Data Service Architecture: From ClickHouse to Doris

Data Service Architecture Requirements

  • Support complex queries: When customers do self-service on the dashboard, a complex SQL query statement will be generated to directly query the database, and the complexity of the statement is unknown, which adds a lot of pressure on the database and affects query performance.
  • High concurrency and low latency: At least 100 concurrent queries can be supported, and query results can be return within 1 second;
  • Real-time data update: The report data comes from the SaaS system. When the customer modifies the historical data in the system, the report data must be changed accordingly to ensure consistentency, which requires real-time processing.
  • Low cost and easy deployment: There are a lot of private cloud customers in our SaaS business.

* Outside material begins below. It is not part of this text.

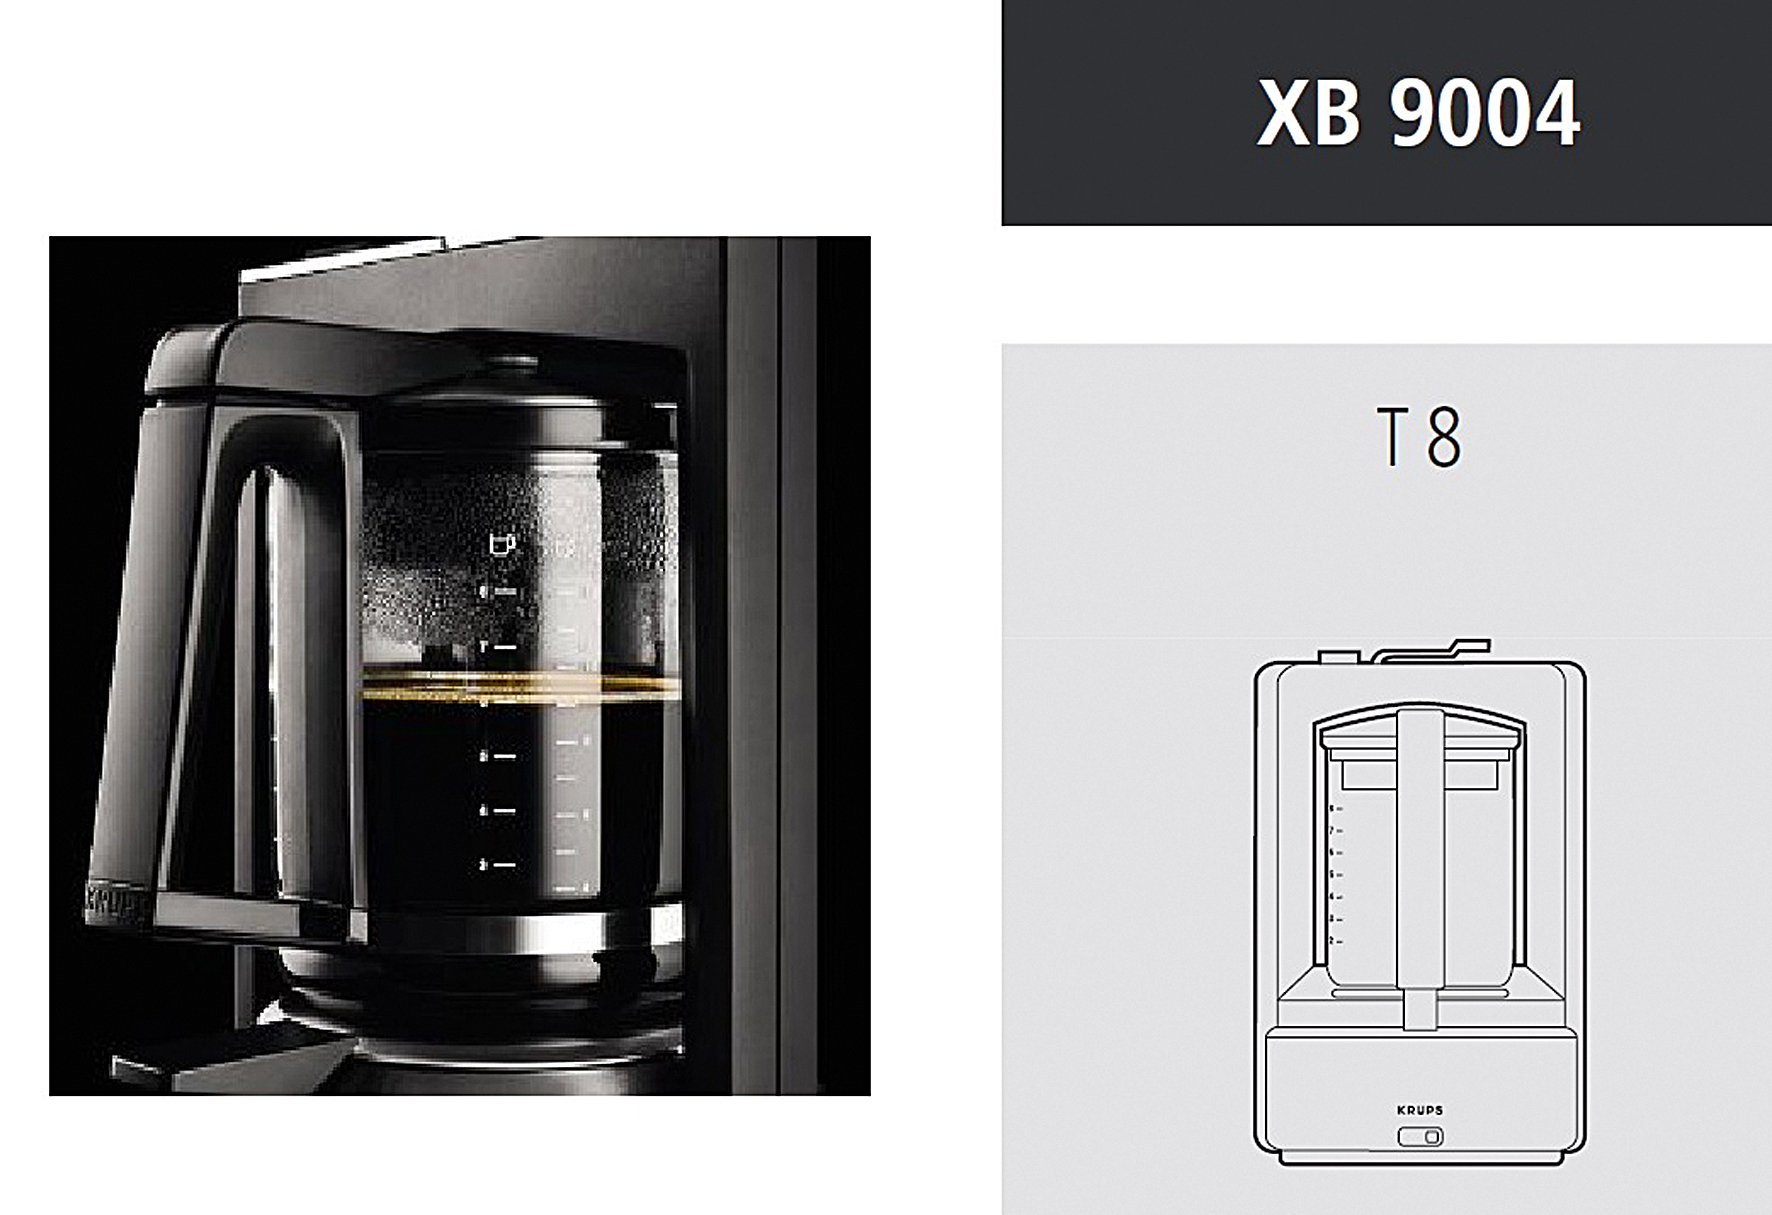 KRUPS Ersatzkrug XB 9004 passend zu T8.3 neu, Lieferung ohne Deckel schwarz

In order to reduce labor costs, the business requires that the architecture deployment and operation and maintenance be simple enough.

Early Problems Found: ClickHouse Shuts Down When High-concurrency Occurs

The previous project chose ClickHouse to provide data query services, but serious concurrency problems occurred during use: 10 concurrent queries will cause ClickHouse to shut down, resulting in the inability to provide services to customers normally, which is the direct reason for us to replace ClickHouse.

In addition, there are several severe problems:

  1. The cost of ClickHouse services on the cloud is very high, and the dependency on ClickHouse components is relatively high. The frequent interaction between ClickHouse and Zookeeper during data ingestion will put greater pressure on stability.
  2. How to seamlessly migrate data without affecting the normal use of customers is another problem.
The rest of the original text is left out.